== Goal of the exercise ==
Transcribe all of the entries, matching each one exactly.

══ Data to examine ══

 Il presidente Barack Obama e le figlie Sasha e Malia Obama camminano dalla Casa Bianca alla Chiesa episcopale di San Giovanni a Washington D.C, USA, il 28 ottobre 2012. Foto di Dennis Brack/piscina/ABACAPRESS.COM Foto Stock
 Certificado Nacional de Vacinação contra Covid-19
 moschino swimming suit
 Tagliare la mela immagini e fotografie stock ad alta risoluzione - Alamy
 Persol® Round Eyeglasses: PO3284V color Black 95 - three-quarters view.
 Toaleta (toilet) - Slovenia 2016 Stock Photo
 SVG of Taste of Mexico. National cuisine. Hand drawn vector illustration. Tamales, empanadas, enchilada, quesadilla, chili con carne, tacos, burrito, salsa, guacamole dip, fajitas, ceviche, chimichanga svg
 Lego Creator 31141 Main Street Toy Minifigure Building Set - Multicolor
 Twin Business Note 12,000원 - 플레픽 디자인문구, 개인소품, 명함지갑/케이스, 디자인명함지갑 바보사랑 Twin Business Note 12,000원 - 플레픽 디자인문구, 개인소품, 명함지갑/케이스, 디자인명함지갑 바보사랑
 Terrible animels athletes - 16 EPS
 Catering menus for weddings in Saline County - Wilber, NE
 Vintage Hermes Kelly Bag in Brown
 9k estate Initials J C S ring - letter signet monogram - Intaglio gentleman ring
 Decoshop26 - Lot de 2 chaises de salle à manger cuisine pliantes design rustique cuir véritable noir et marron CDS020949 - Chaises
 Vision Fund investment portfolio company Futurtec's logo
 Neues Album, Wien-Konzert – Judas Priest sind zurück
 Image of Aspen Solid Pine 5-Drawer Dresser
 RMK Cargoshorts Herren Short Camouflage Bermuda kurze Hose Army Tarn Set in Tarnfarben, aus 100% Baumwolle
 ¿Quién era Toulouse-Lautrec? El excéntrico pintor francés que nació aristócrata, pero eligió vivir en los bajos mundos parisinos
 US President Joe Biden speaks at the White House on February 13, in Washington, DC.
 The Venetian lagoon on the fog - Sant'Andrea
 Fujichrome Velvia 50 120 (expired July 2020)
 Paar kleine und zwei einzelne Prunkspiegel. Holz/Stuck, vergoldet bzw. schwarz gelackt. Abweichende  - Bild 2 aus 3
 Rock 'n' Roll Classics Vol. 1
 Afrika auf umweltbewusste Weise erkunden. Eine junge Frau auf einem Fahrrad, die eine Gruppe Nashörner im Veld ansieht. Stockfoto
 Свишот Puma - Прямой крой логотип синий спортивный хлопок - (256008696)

═══

== Solution to this exercise ==
 Il presidente Barack Obama e le figlie Sasha e Malia Obama camminano dalla Casa Bianca alla Chiesa episcopale di San Giovanni a Washington D.C, USA, il 28 ottobre 2012. Foto di Dennis Brack/piscina/ABACAPRESS.COM Foto Stock
 Certificado Nacional de Vacinação contra Covid-19
 moschino swimming suit
 Tagliare la mela immagini e fotografie stock ad alta risoluzione - Alamy
 Persol® Round Eyeglasses: PO3284V color Black 95 - three-quarters view.
 Toaleta (toilet) - Slovenia 2016 Stock Photo
 SVG of Taste of Mexico. National cuisine. Hand drawn vector illustration. Tamales, empanadas, enchilada, quesadilla, chili con carne, tacos, burrito, salsa, guacamole dip, fajitas, ceviche, chimichanga svg
 Lego Creator 31141 Main Street Toy Minifigure Building Set - Multicolor
 Twin Business Note 12,000원 - 플레픽 디자인문구, 개인소품, 명함지갑/케이스, 디자인명함지갑 바보사랑 Twin Business Note 12,000원 - 플레픽 디자인문구, 개인소품, 명함지갑/케이스, 디자인명함지갑 바보사랑
 Terrible animels athletes - 16 EPS
 Catering menus for weddings in Saline County - Wilber, NE
 Vintage Hermes Kelly Bag in Brown
 9k estate Initials J C S ring - letter signet monogram - Intaglio gentleman ring
 Decoshop26 - Lot de 2 chaises de salle à manger cuisine pliantes design rustique cuir véritable noir et marron CDS020949 - Chaises
 Vision Fund investment portfolio company Futurtec's logo
 Neues Album, Wien-Konzert – Judas Priest sind zurück
 Image of Aspen Solid Pine 5-Drawer Dresser
 RMK Cargoshorts Herren Short Camouflage Bermuda kurze Hose Army Tarn Set in Tarnfarben, aus 100% Baumwolle
 ¿Quién era Toulouse-Lautrec? El excéntrico pintor francés que nació aristócrata, pero eligió vivir en los bajos mundos parisinos
 US President Joe Biden speaks at the White House on February 13, in Washington, DC.
 The Venetian lagoon on the fog - Sant'Andrea
 Fujichrome Velvia 50 120 (expired July 2020)
 Paar kleine und zwei einzelne Prunkspiegel. Holz/Stuck, vergoldet bzw. schwarz gelackt. Abweichende  - Bild 2 aus 3
 Rock 'n' Roll Classics Vol. 1
 Afrika auf umweltbewusste Weise erkunden. Eine junge Frau auf einem Fahrrad, die eine Gruppe Nashörner im Veld ansieht. Stockfoto
 Свишот Puma - Прямой крой логотип синий спортивный хлопок - (256008696)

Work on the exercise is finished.